From time to time, yet another controlled crying study hits the headlines.
It’s a topic which always seems to set social media alight with divided opinion – from parents who sing the praises of controlled crying, and those who express deep concern about this controversial sleep training method.
So what does the latest controlled crying study have to say?
The Controlled Crying Study
The most recent controlled crying study, which was published in the journal Pediatrics, looked at a small group of families who sought help for sleep problems in their babies aged 6 to 16 months of age.
To resolve the problems, the babies were randomly assigned to one of three groups:
- Graduated extinction: better known as controlled crying, and sometimes referred to as controlled comforting;
- Bedtime fading: where bedtime is delayed to coincide with drowsiness;
- Parent education about normal infant sleep: this was considered the ‘control group’.

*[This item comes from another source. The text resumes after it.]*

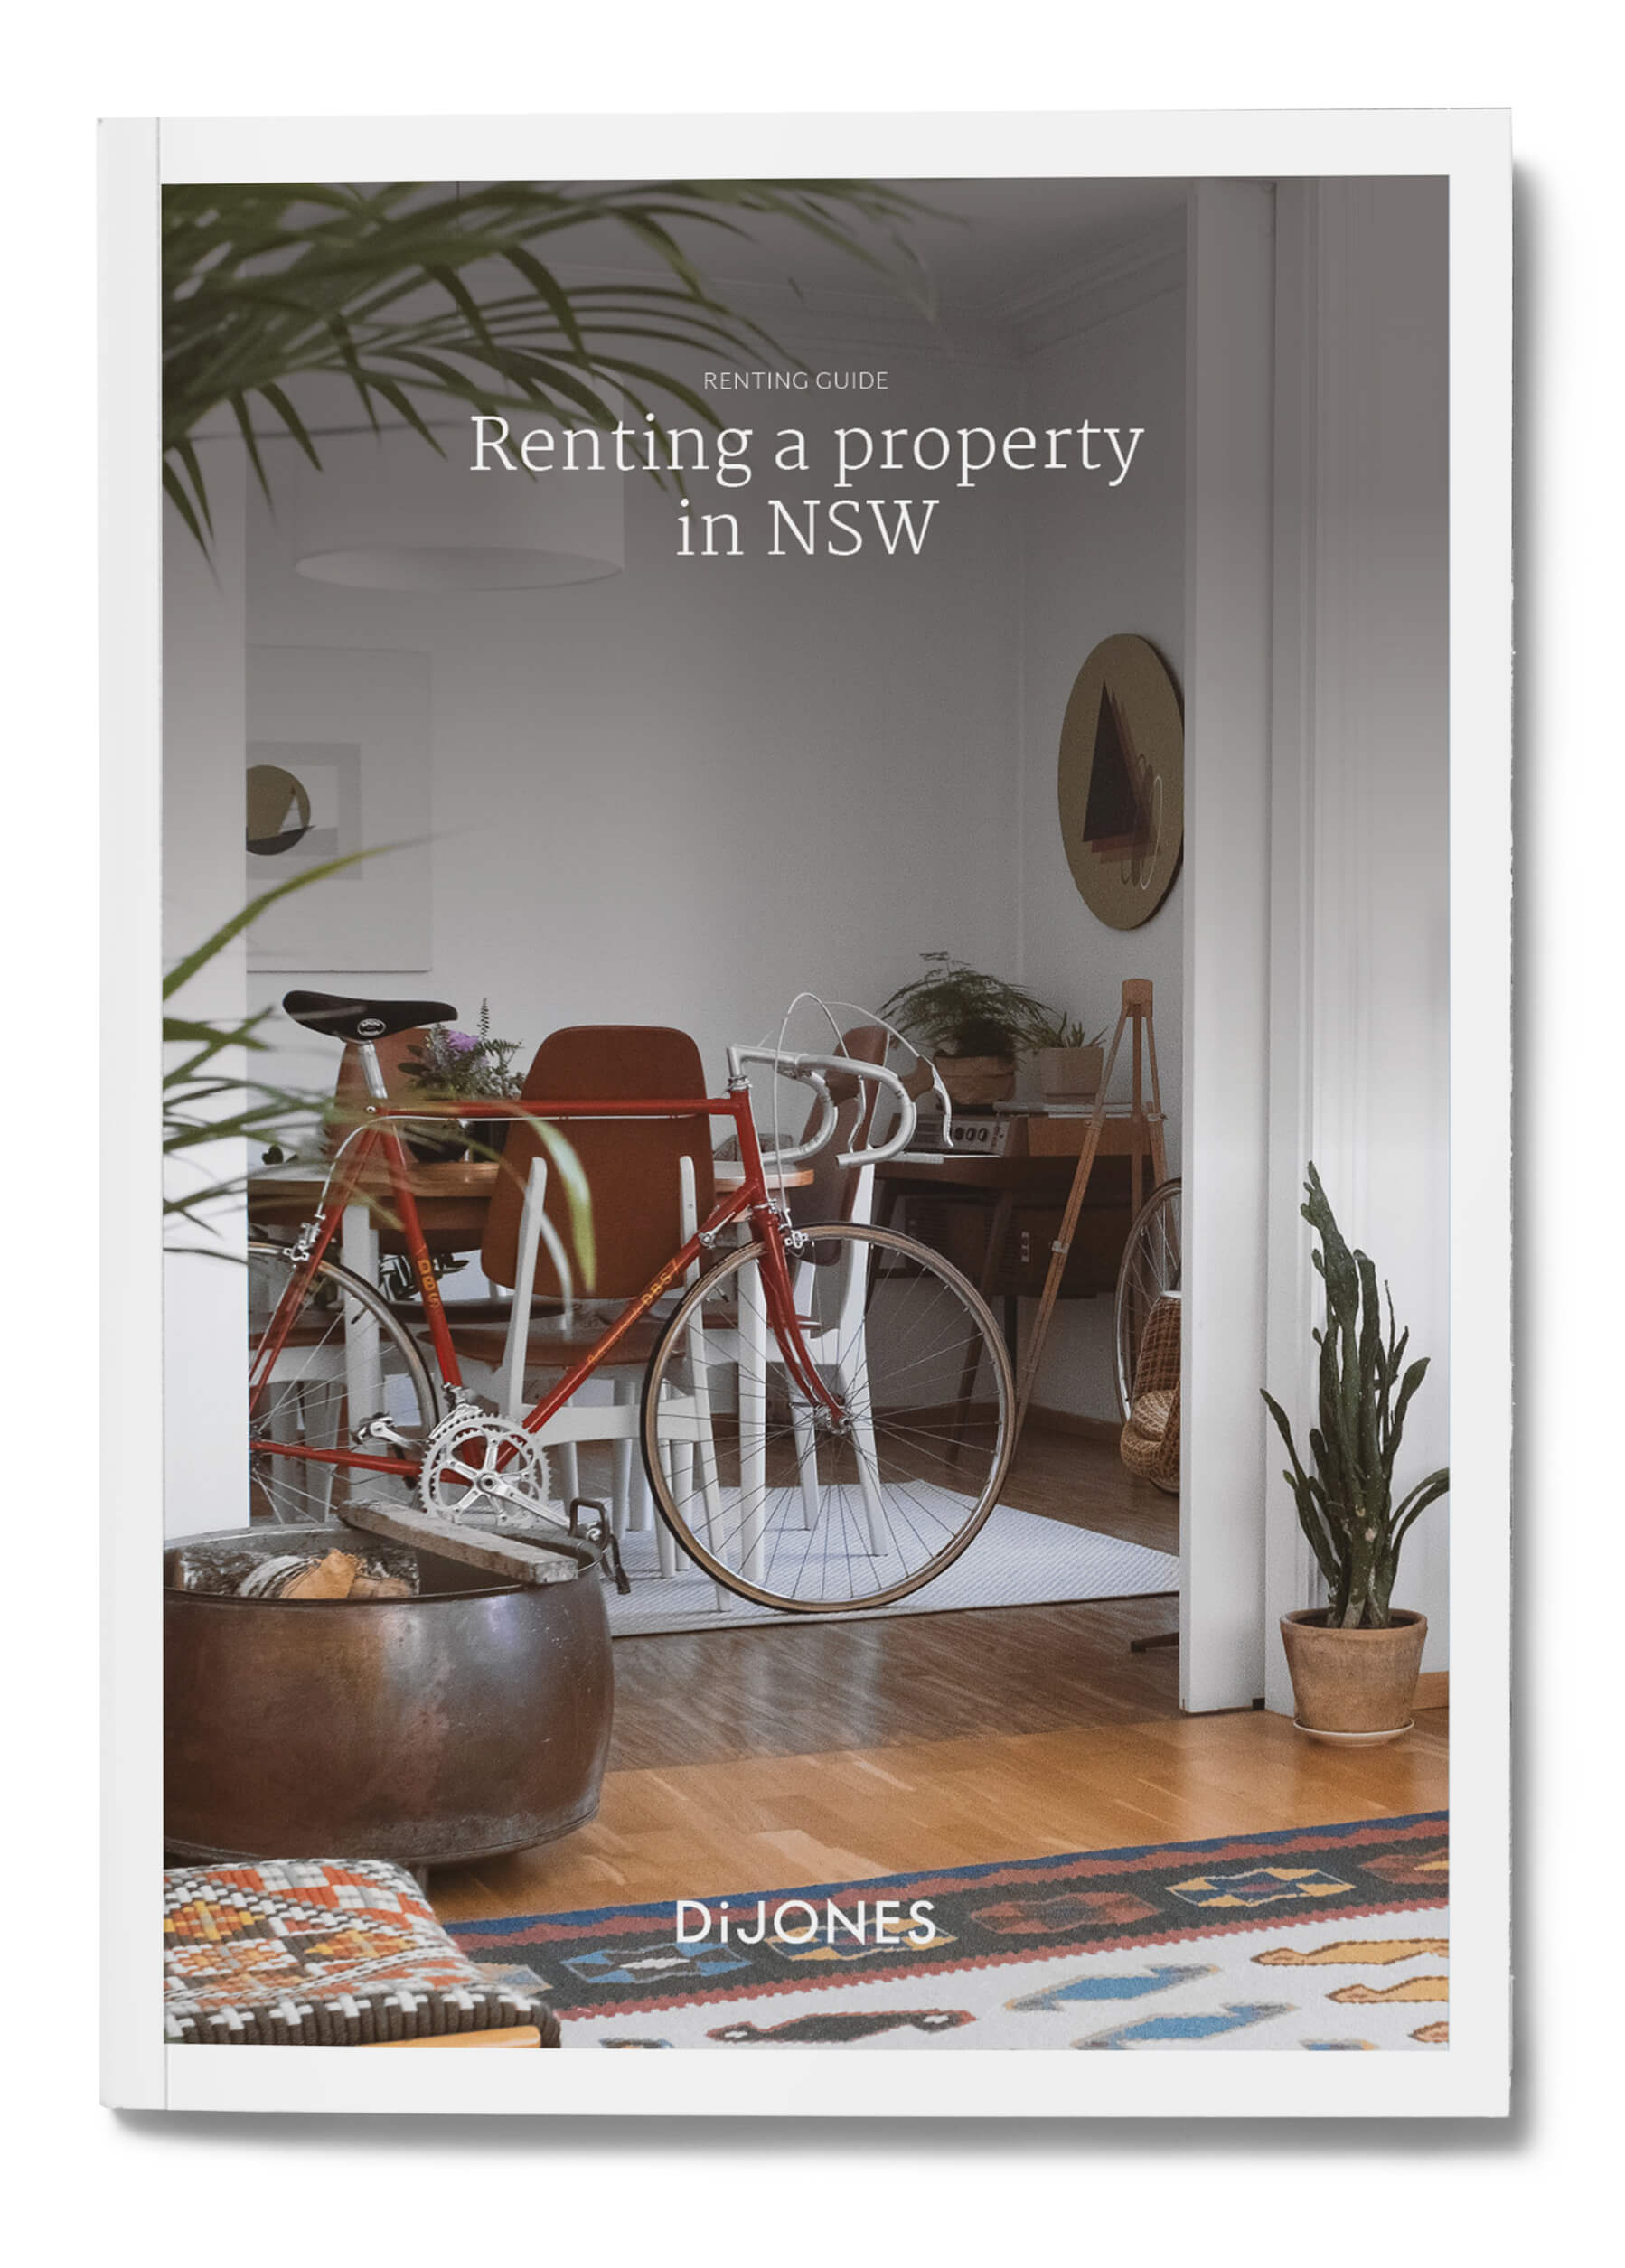 Renting a property in NSW eBook cover DiJones real estate

Only 43 families were enrolled in the controlled crying study, which is a very limited sample. This meant that each group only contained only 14 or 15 babies.
Four areas of concern were measured:
- Sleep onset latency (the length of time taken to fall asleep)
- Number of night wakings (where parents were awakened)
- Wake time after sleep onset (how long the infant was awake after previously falling asleep)
- Total sleep time
The objectives of the study were to evaluate the effects of behavioural interventions on the sleep/wakefulness of infants, parent and infant stress, and later child emotional/behavioural problems, and parent-child attachment.
The study, complete with its major flaws, concluded: “Both graduated extinction and bedtime fading provide significant sleep benefits above control, yet convey no adverse stress responses or long-term effects on parent-child attachment or child emotions and behavior.”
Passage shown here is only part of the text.